Now, let us plot the functions simulated from posterior distribution during MCMC, their mean (which is the posterior mean function) and compare with the true function.

l<-N_MCMC/2
u<- N_MCMC
means<- apply(data_sim[l:u, 1:dim(X)[2]], MARGIN=2, FUN=mean)

pred<-X%*%cbind(means)
plot(x,Y, main=paste("Bayesian formulation used for g"))
points(x,pred, col="black", cex=.5, pch=11)

for(ii in c(l:u)){
  pred<-X%*%cbind(data_sim[ii,1:dim(X)[2]])
  points(x,pred, col="brown", cex=.1)
  
}


points(x,fx, col="blue", cex=.5)

plot(density(data_sim[l:u, (dim(X)[2] +2)]), main="Posterior pdf for g")

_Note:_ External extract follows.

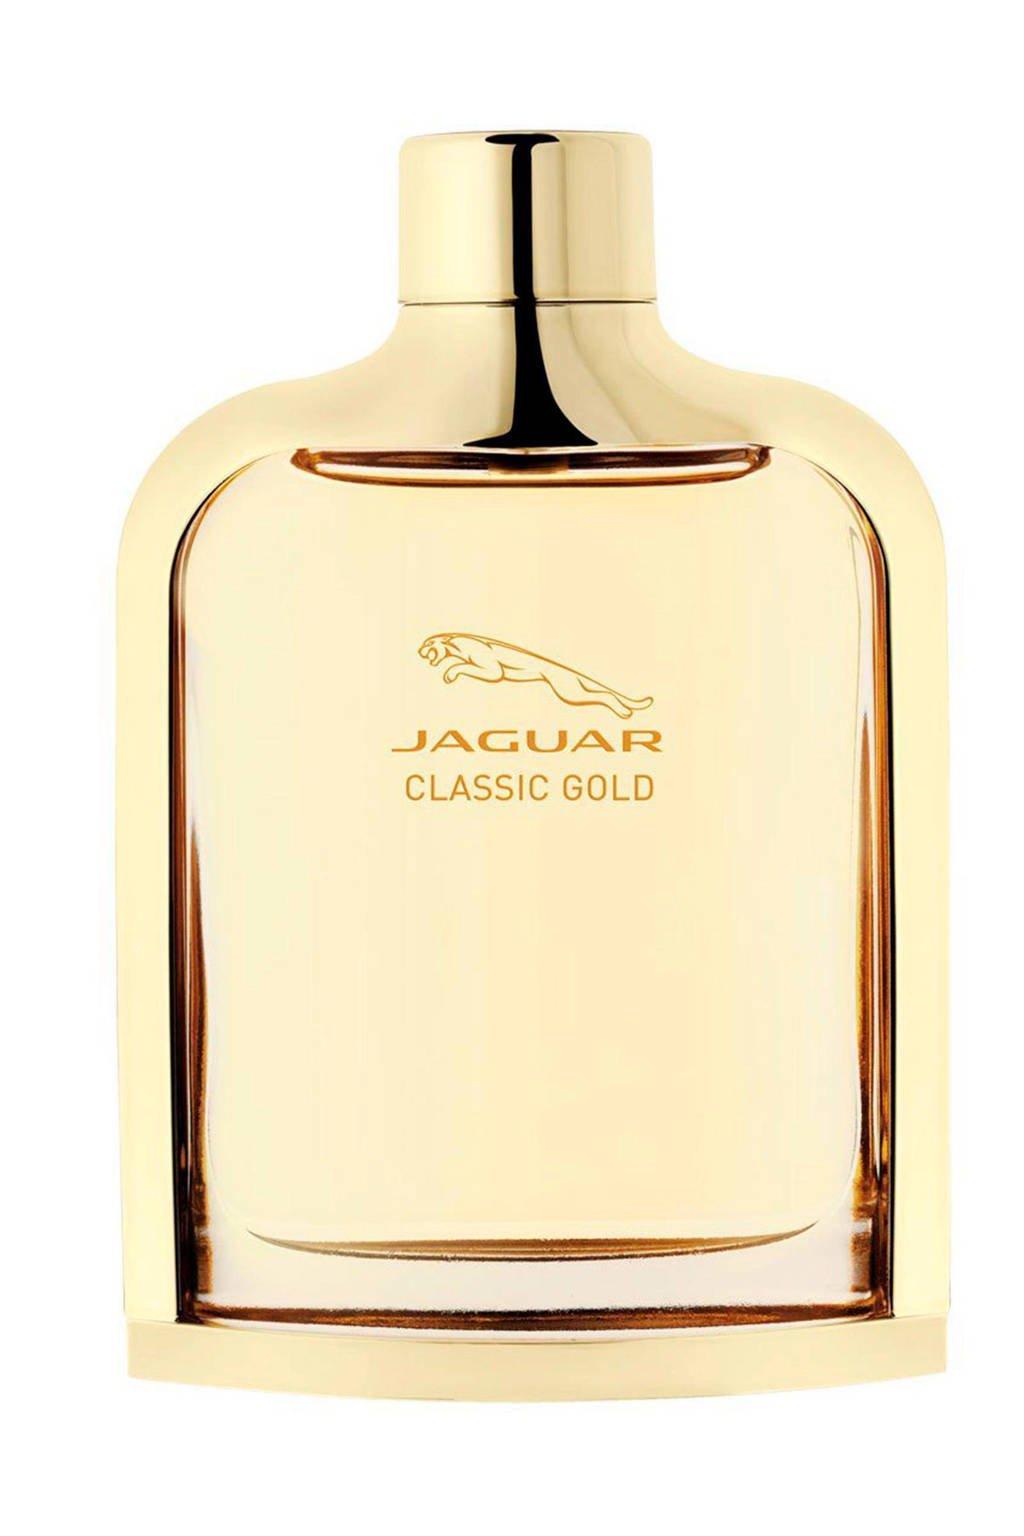 Jaguar Gold eau de toilette - 100 ml
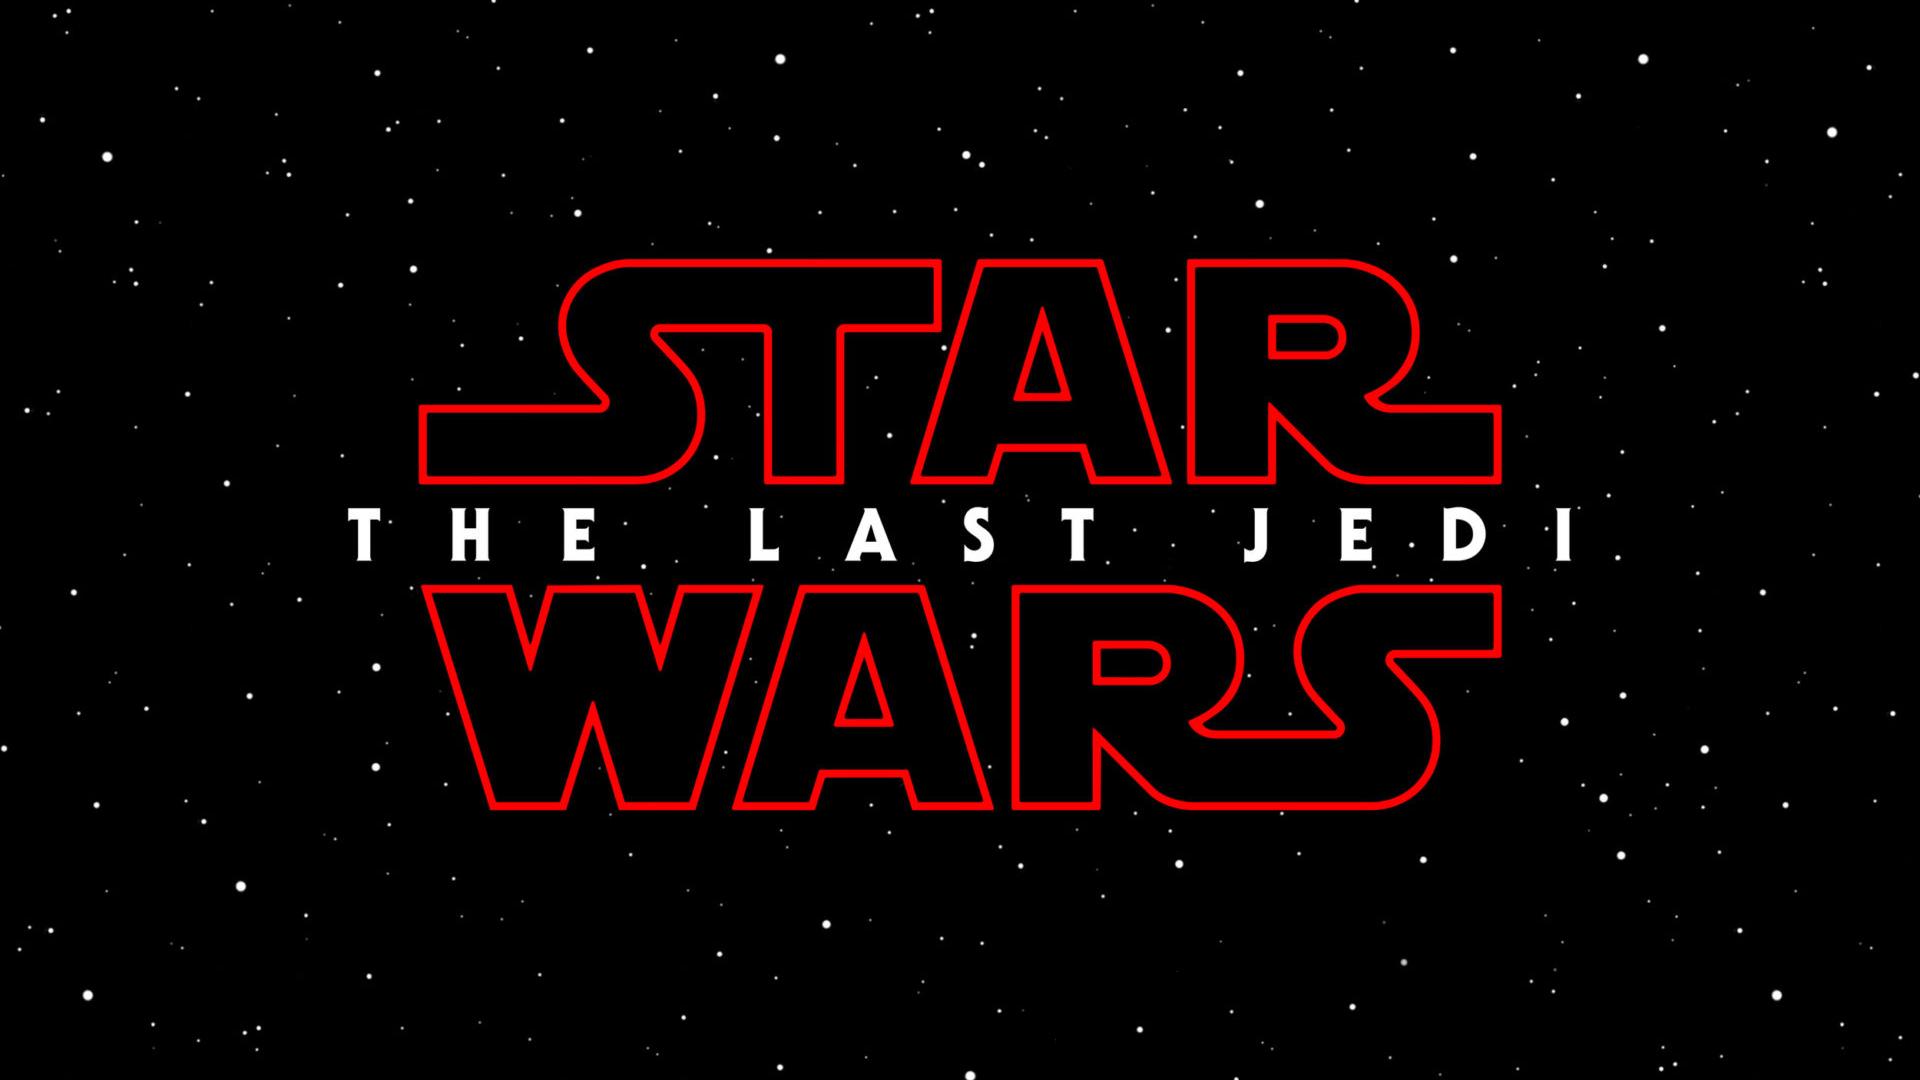 Star wars the last jedi wallpaper myconfinedspace - Star wars the last jedi wallpaper ...

#mean value of g from posterior 
print(mean(data_sim[l:u, (dim(X)[2] +2)]))
## [1] 0.7705588
#quantiles Q.025, Q975 for 95% credible interval
print(quantile(data_sim[l:u, (dim(X)[2] +2)], .025))
##      2.5% 
## 0.3714398
print(quantile(data_sim[l:u, (dim(X)[2] +2)], .975))
##    97.5% 
## 1.466696

Reference: Fahrmeir, Kneib, Lang and Mark (2013), “Regression: Models , Methods and Applications”, Springer.